Gastric cancer (GC) is the fourth most frequent type of cancer around the world (1). In East Asia, it is the second leading cause of cancer-associated mortalities, and ~934,000 new patients are diagnosed with gastric cancer each year (2). In spite of advanced chemotherapy and surgical resection, the majority of patients are already at the advanced stage at diagnosis, negating the use of a surgical operation. Patients with an identical tumor, nodes and metastasis stage may even have different prognoses (3). Therefore, the application of novel chemotherapeutic agents and combinations of regimens may provide an improved therapy for advanced GC and reduce the toxicity of these drugs.

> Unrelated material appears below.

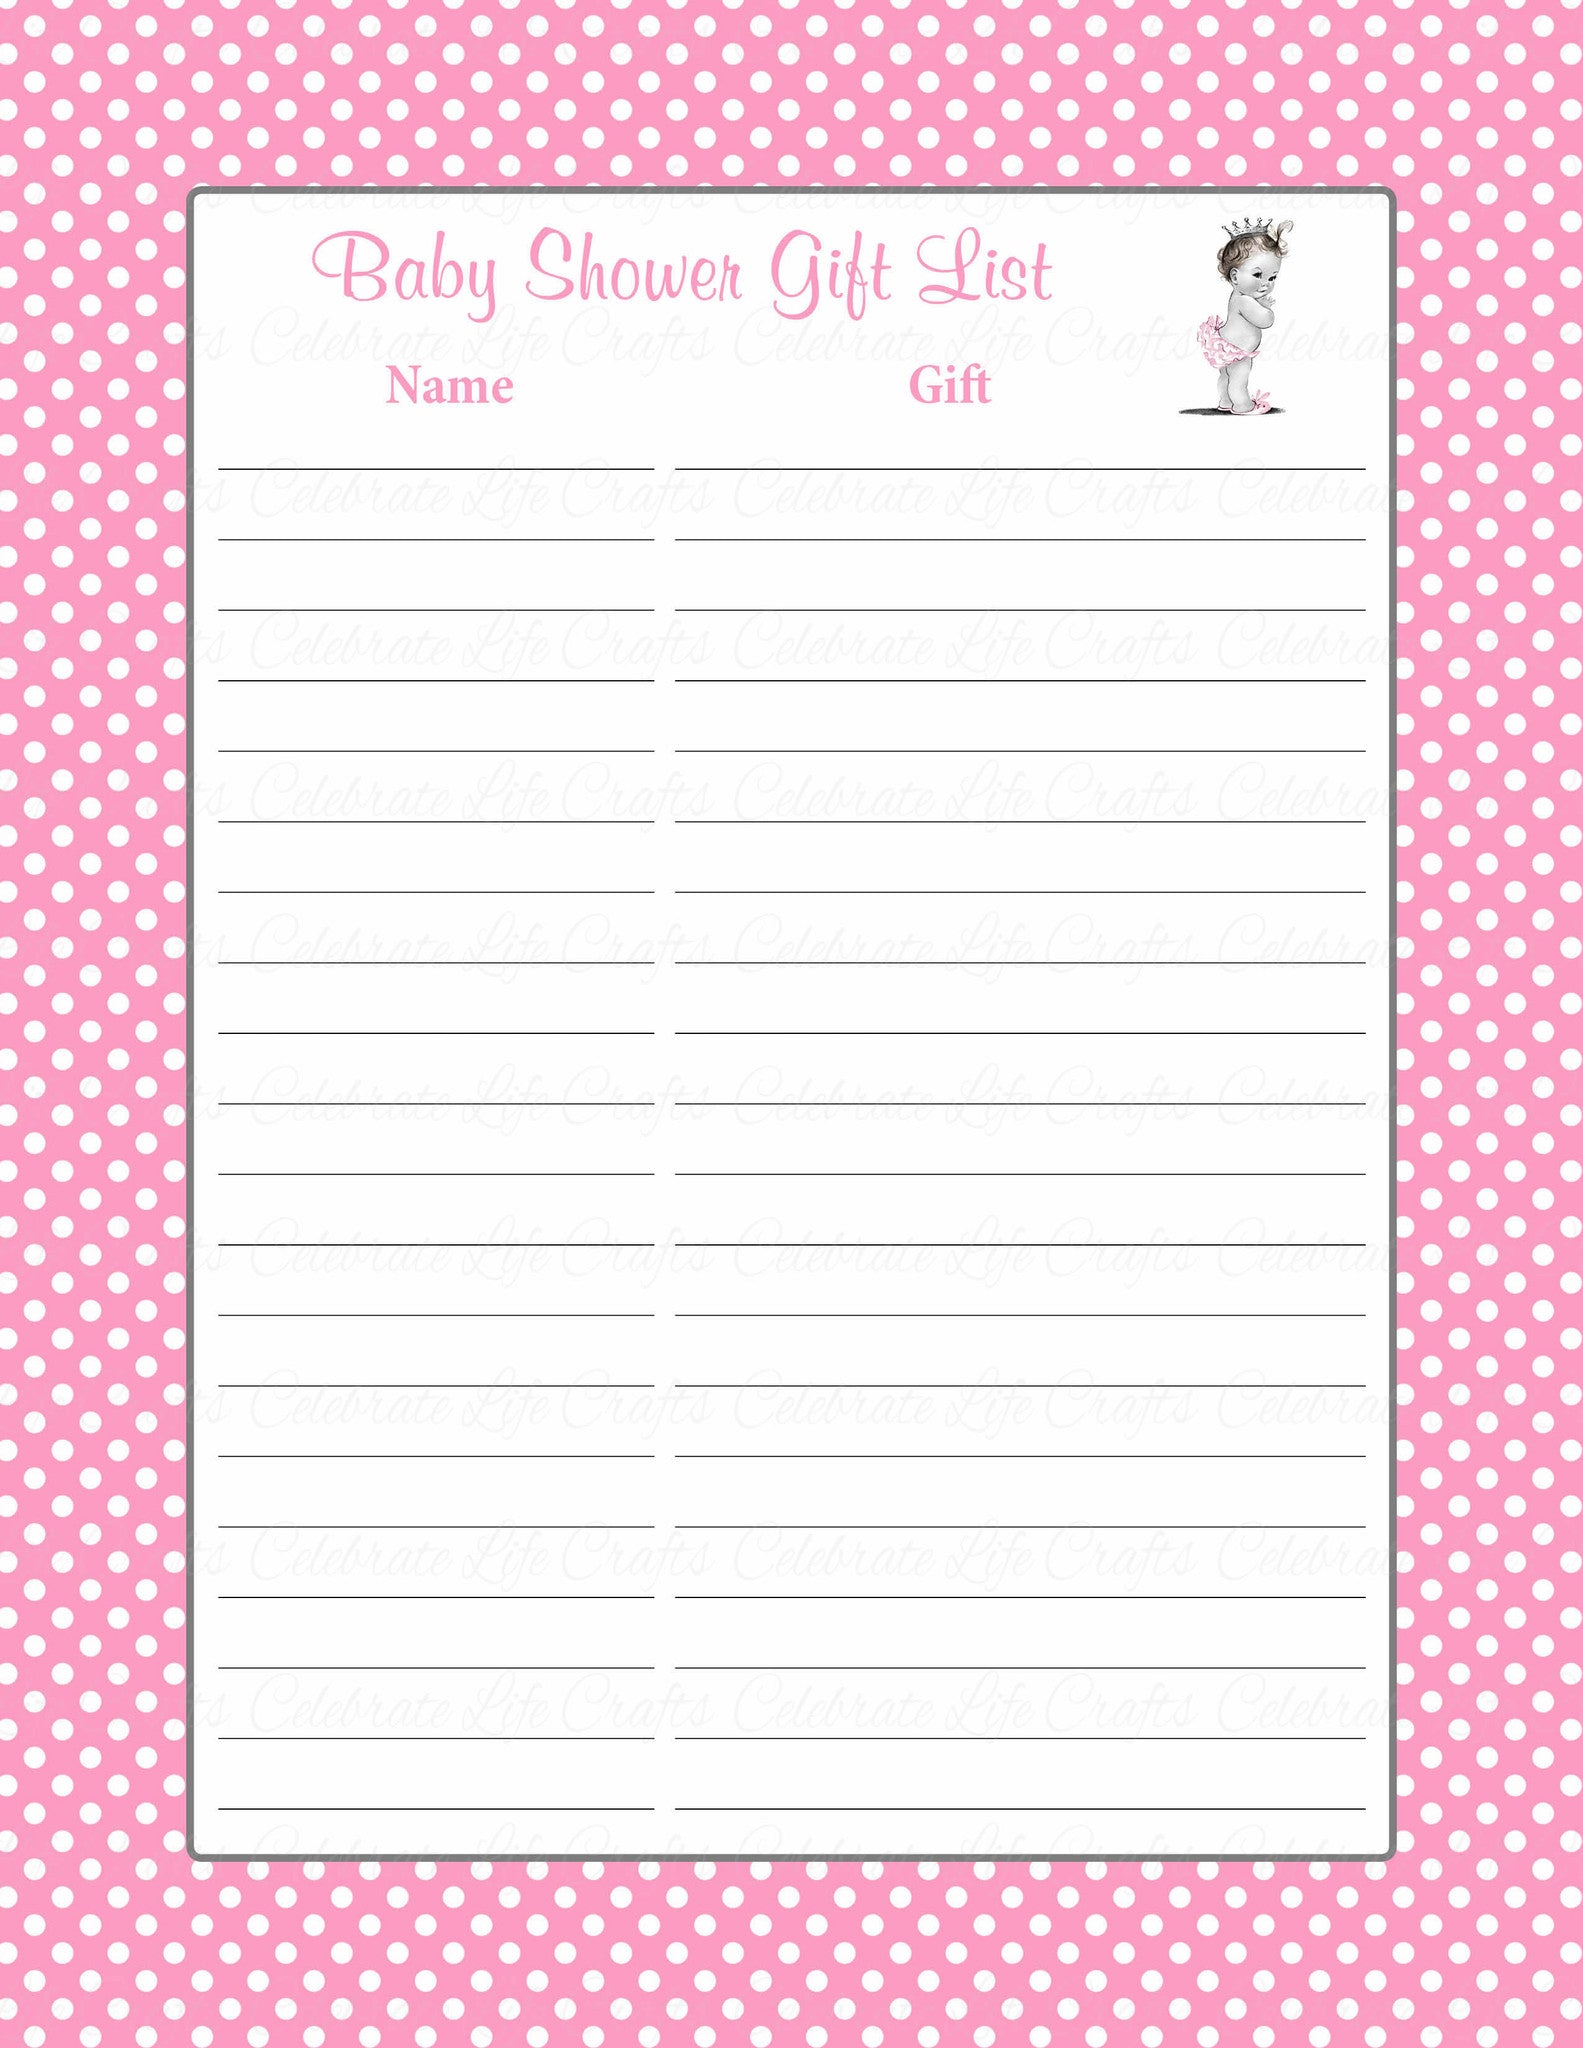 list of baby shower gifts

The compound 5-fluorouracil (5-FU) remains a first line antineoplastic treatment in clinical practice (4). However, GC cells are becoming resistant to existing chemotherapeutic compounds, including 5-FU. Therefore, it is necessary to explore novel chemotherapeutic regimens for the treatment of advanced GC including metastatic GC. Puerarin [8-(β-d-glucopyranosyl-7-hydroxy-3-(4-hydroxyphenyl)-4-H-1-benzopyran-4-one], with the molecular formula C21H20O9, was isolated from the herbal medicine Radix puerariae (5,6). Previous studies have shown that puerarin has beneficial effects on cardiovascular, neurological and hyperglycemic disorders (7–9). Researchers found that puerarin has an anticancer effect on HT29 cells and enhances the antiproliferative effects of other antineoplastic agents (10,11). However, to the best of our knowledge there have been no studies on the effectiveness of puerarin on GC cells, and the mechanism of its protective effects has remained elusive.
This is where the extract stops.